Of course, our structural federal arrangement was the answer, where local governmental entities would govern local concerns and the central government would be limited to handling the national concerns.  The problem, because of historical forces beyond anyone’s ability to halt or even modify very much, is that more and more concerns in the subsequent years became national.  And even the Constitution of 1787 (and how it has been amended since) contains basic principles that have nationalized many issues that one might consider local in nature. 

Take the regulation of marriage.  Marriage is an institution that serves to anchor one of our basic institutions, the family.  It is the marriage ceremony that contains the agreement on which a family is based.  By its nature, this sounds and is a local issue.  I would say, for the most part, marriage is still legally treated as a local issue.  But our national constitution states that there will be equal protection under the law and that includes state law (Fourteenth Amendment).  So, unless the state has a legitimate interest, it cannot discriminate in its laws.  For example, given that homosexuality is a natural occurrence and there is no deleterious aspect to state interests in anyone being homosexual, there is no legitimate state interest affected by gays or lesbians getting married in same sex arrangements.  This is what the Supreme Court just settled.  But this has angered many people who feel, for religious reasons, that same sex marriages are an affront to God.  Hence, a national policy is viewed by these people as overstepping the prerogatives of local governance.  Under such a situation, to many, the republican principle is breached and undermines the whole constitutional arrangement.

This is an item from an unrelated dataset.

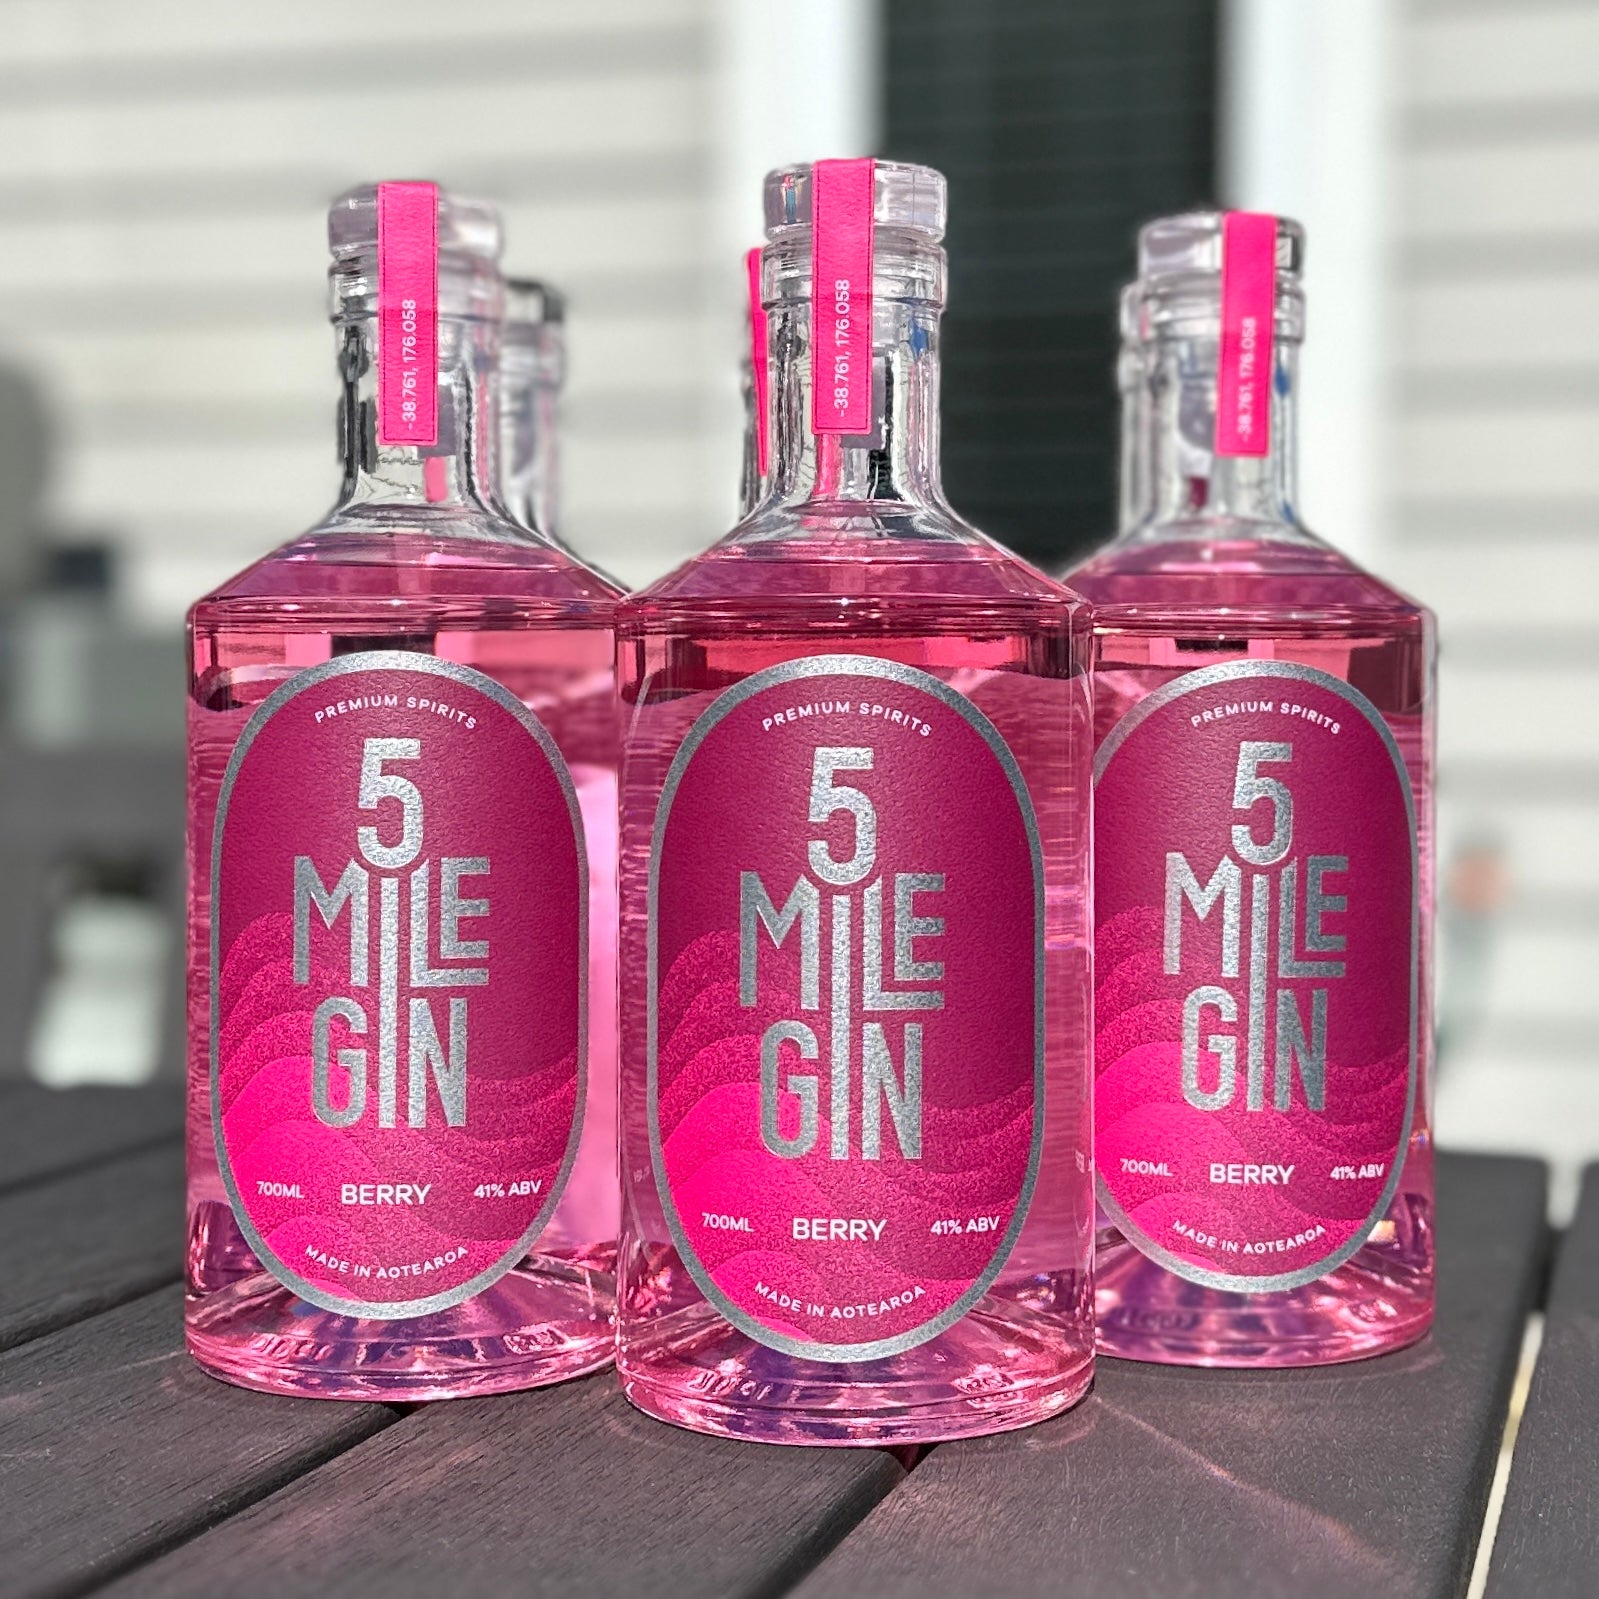 5 Mile Berry Gin from 5 Mile Distilling

With this and other local-national disputes, Ted Cruz’s pledge to not engage, as president, in “deal making” and, thereby, compromise on principle, attracts many voters such as those who have been angered by the gay marriage decision of the Supreme Court.  The problem is that our system of government, as determined by our republican solution, depends on deal making, on compromising.  We have a federal system and that depends on more than just having state and national governments; it also demands that our representatives meet and hash out policy decisions by giving and taking in not a parliament, but in a congress.  It is a congress in which our representatives congregate and through majority vote determine what should be done.  They even have rules in Congress – that I don’t fully agree with – in which it takes more than a majority to agree on new laws (in effect now, it takes sixty, as opposed to fifty-one senators to agree before legislation passes that house of Congress).  Therefore, for a Cruz approach to work – where legislation would get done – you would need a parliamentary system in which the majority party or a majority coalition could secure passage of what it wants.  In our system, you not only have to get pending bills through two houses of Congress, but then have to get the president to agree and, at least, not veto it.  If the president vetoes pending legislation, proponents of the bill need to muster up super majorities (two-thirds vote) in each house to make it law.  Just so you know, a Cruz approach would guarantee that nothing will get done for another four years.  If this happens, given what we are now experiencing, this will increase levels of frustration and anger among the citizenry and promise that our future politics will be even more bizarre than they are now and perhaps more dangerous.